The plaintiff is a pension fund representing a putative class of investors against Hanger, Inc. and three of its officers. The Fund’s allegations are based predominantly on a report by Hanger’s Audit Committee after the company restated its financial results. That report indicates that some defendants set an inappropriate “tone at the top” and engaged in improper accounting. The District Court granted the defendants’ motions to dismiss, holding that the complaint did not adequately allege scienter. The U.S. Fifth Circuit affirmed as to some of the corporate officers, but reversed as to others.
Viewing the allegations holistically, scienter as to two of the defendants (the two successive Presidents and CEO/COO) could not be strongly inferred. As to McHenry (the company’s CFO), however, the Court of Appeal found that the allegations do support a strong inference of scienter. From the Audit Committee’s report, the Court could infer that McHenry intended to enhance Hanger’s financial results. Taking the allegations holistically, McHenry’s having had the requisite state of mind is “cogent” and “at least as compelling” as the alternate explanations. The Court founds that McHenry’s scienter can be imputed to the company, but only as to his allegedly false statements.

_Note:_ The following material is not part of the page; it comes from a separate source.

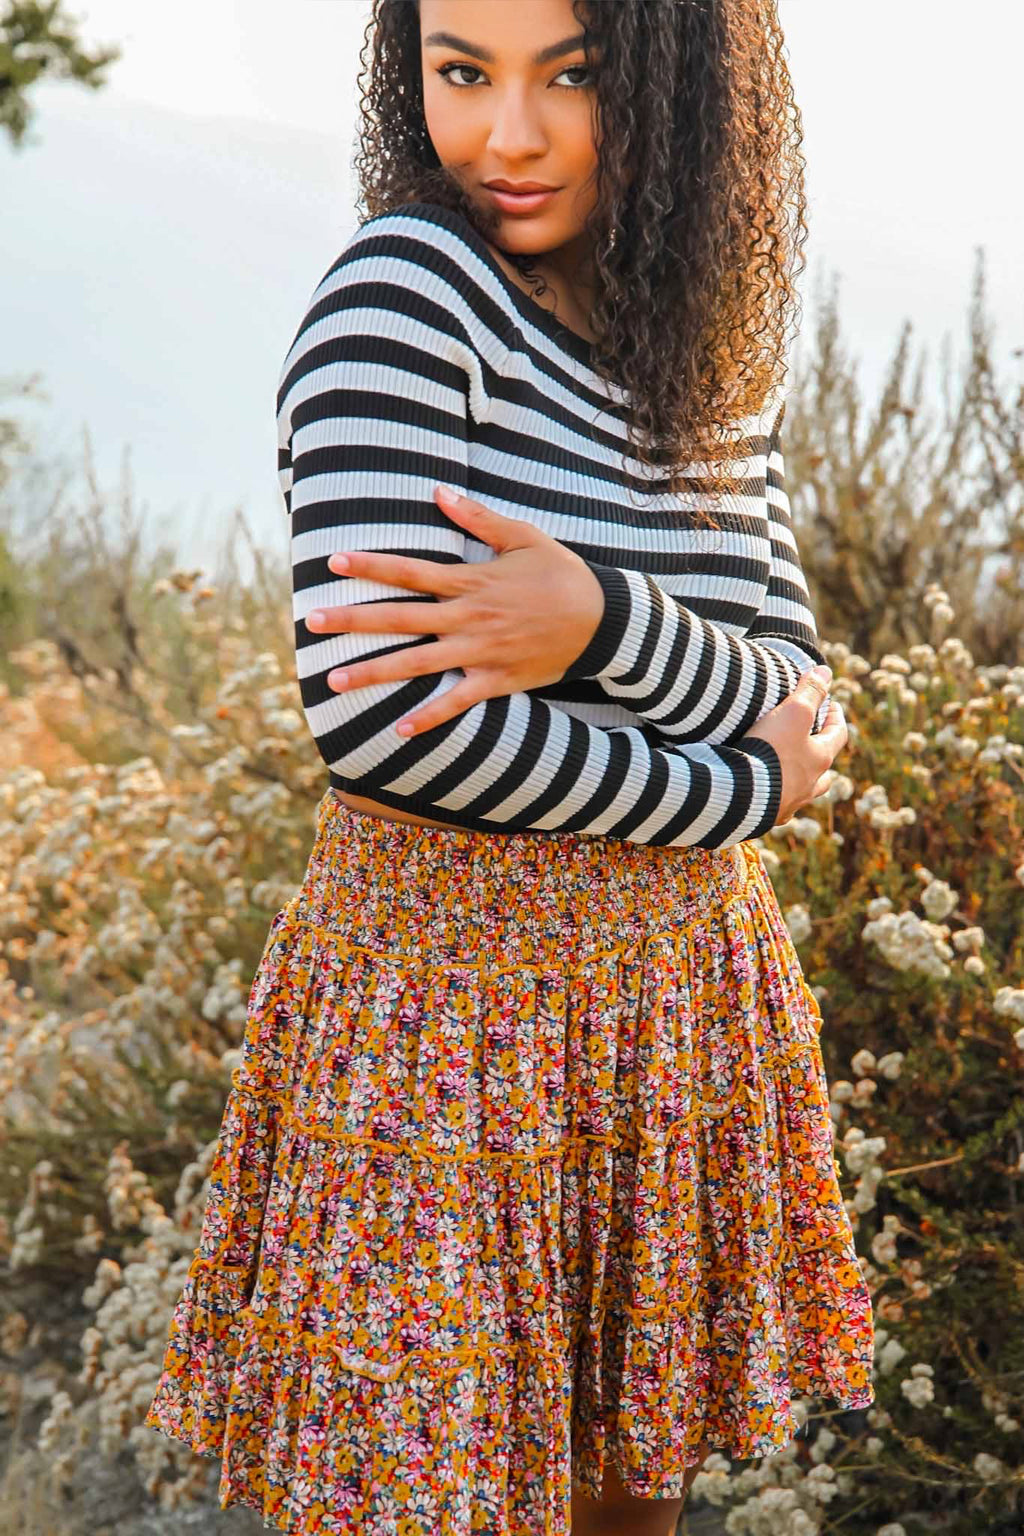 black and white striped crop top and ditsy floral skirt

The defendants argued that the dismissal could nevertheless be affirmed, as the plaintiffs did not sufficiently allege loss causation. But this argument was rejected. “For a plaintiff to plead loss causation adequately, the negative truthful information (‘corrective disclosures’) must not have already been known to the market: If it were, the stock price would have incorporated that information, and its disclosure could not have caused a loss. At the pleading stage, plaintiffs are required to allege the truth that emerged was ‘related to’ or ‘relevant to’ the defendants’ fraud and earlier misstatements. The test for relevant truth simply means that the truth disclosed must make the existence of the actionable fraud more probable than it would be without that alleged fact, taken as true. The corrective disclosure need not be a single disclosure; rather, the truth can be gradually perceived in the marketplace through a series of partial disclosures.” In this particular case, the three corrective disclosures identified build on one another. The Fund alleged that, in falsely overstating Hanger’s Medicare audit success and without sufficient internal controls, the defendants did not adequately reserve for the audit failures in Hanger’s accounts receivable, which reflected this expected revenue. The disclosures about decreased growth in same-store sales and delaying financial results revealed problems with Medicare audits and internal controls. The February 8-K also revealed that these problems were likely not isolated, plausibly indicating that they had caused significant overstatements of Hanger’s accounts receivables over a prolonged time period. Coupled with the immediate drops in stock price, and “in the absence of any other contravening negative event,” the Fund has adequately pleaded loss causation.
Alaska Electrical Pension Fund v. Asar, 898 F.3d 648 (5th Cir. 2018).